U have some points, yes…
But keep in mind the lever arm from the hip is longer in a front squat because of the position of the bar right across the shoulders. Hence the the actual force requirements are inherently higher in the front squat(to produce the same amount of torque) compared to those in the back squat..
I think that is true only if you place the bar low on the traps (which you should) and even then the difference is probably small, maybe a few percent. Additionally, the increase in torque applied through this lever is being carried by the lower back, not the glutes and hips. If you are holding 315lbs., you can hold on your traps, your chest, or you can hold it on your head if you want, but your lower body will still be pushing 315lbs. plus your body weight, nothing more. Why make the lift more difficult if it doesn't directly impact the body parts your focusing on, in this case the glutes, hams and quads?
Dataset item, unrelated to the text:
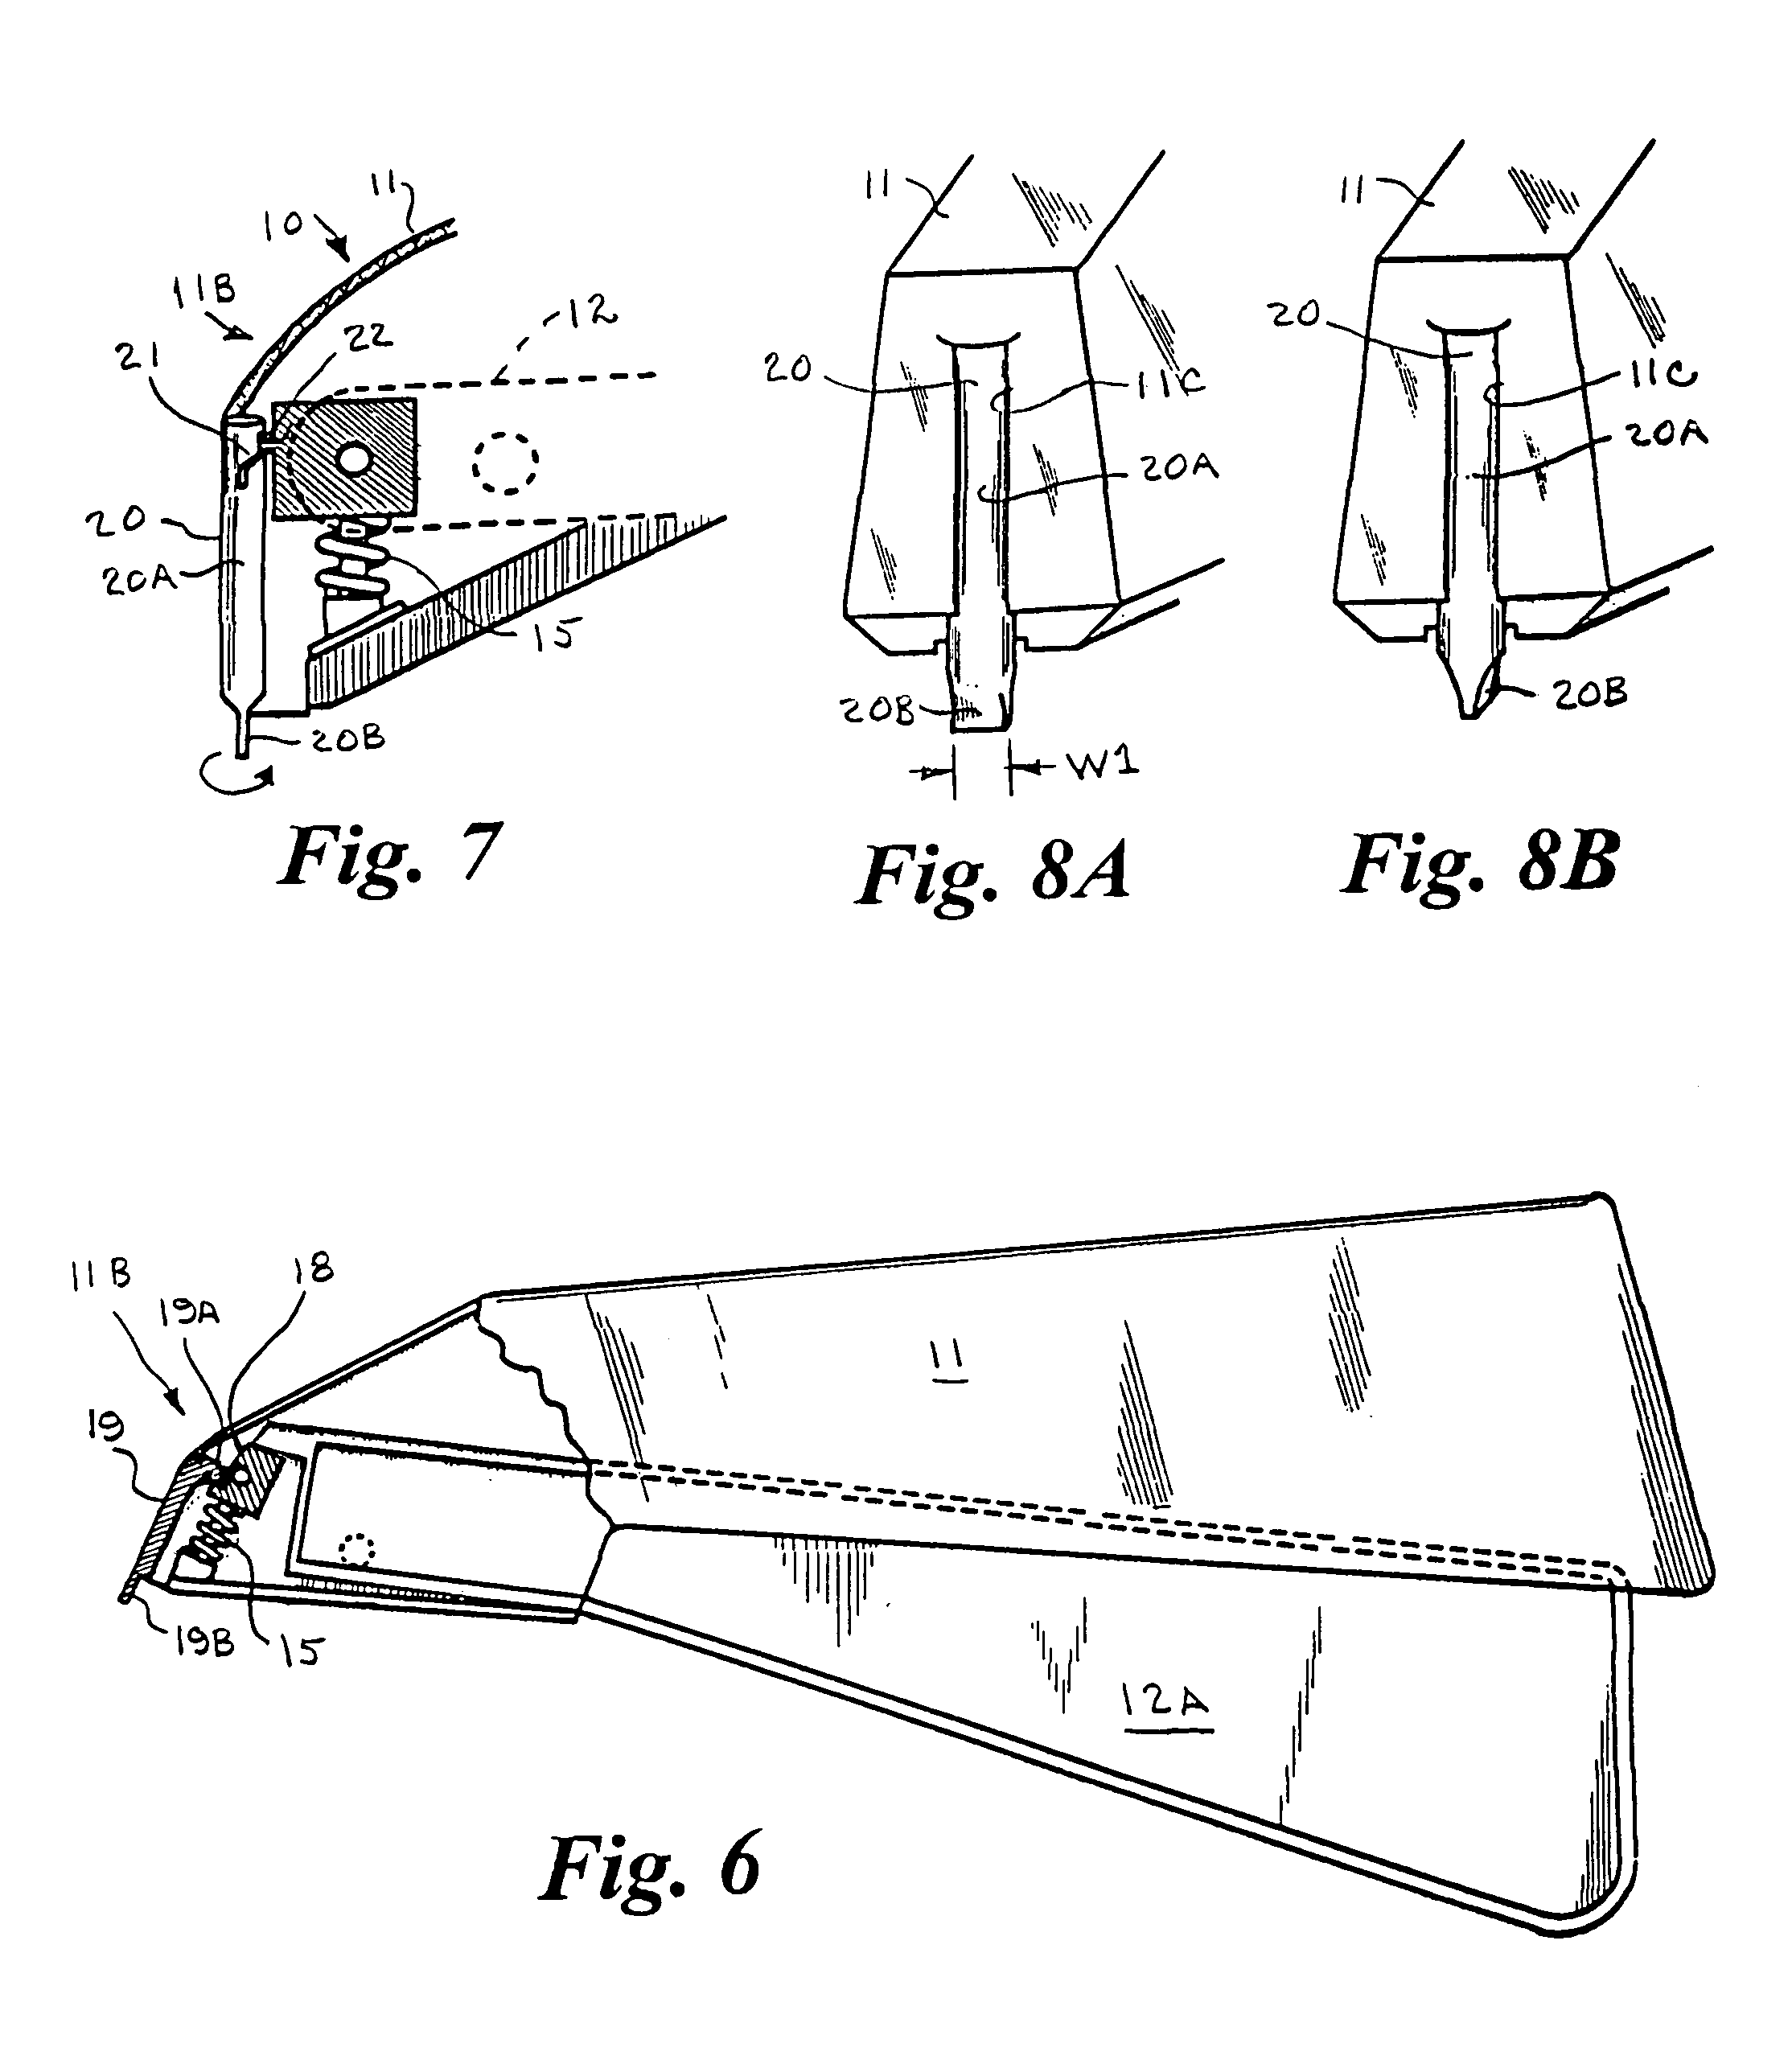 Tissue aligning surgical stapler and method of use

But all theory aside, the general consensus of just about everyone who powerlifts, including powerlifters, college football programs, etc., is that the back squat is vastly superior to the front squat in developing absolute or limit strength, so why use an inferior exercise, unless it is to hit your quads a little harder, or just change things up? Now, if you're truly going to get into an all around Oly program, and do not only the core lifts, but all the supplementary lifts that Oly lifters do, that's fine. But that takes up a lot of time, and months or years to master.
IMHO, if you're just doing a few core exercises and looking to develop limit strength that can be translated to functional strength, its tough to beat the 1-2 combo of box squats and powercleans. Of course the main criteria for any program is. "Will it motivate you to get your behind in the gym 2-4 times a week consistently, and train hard?"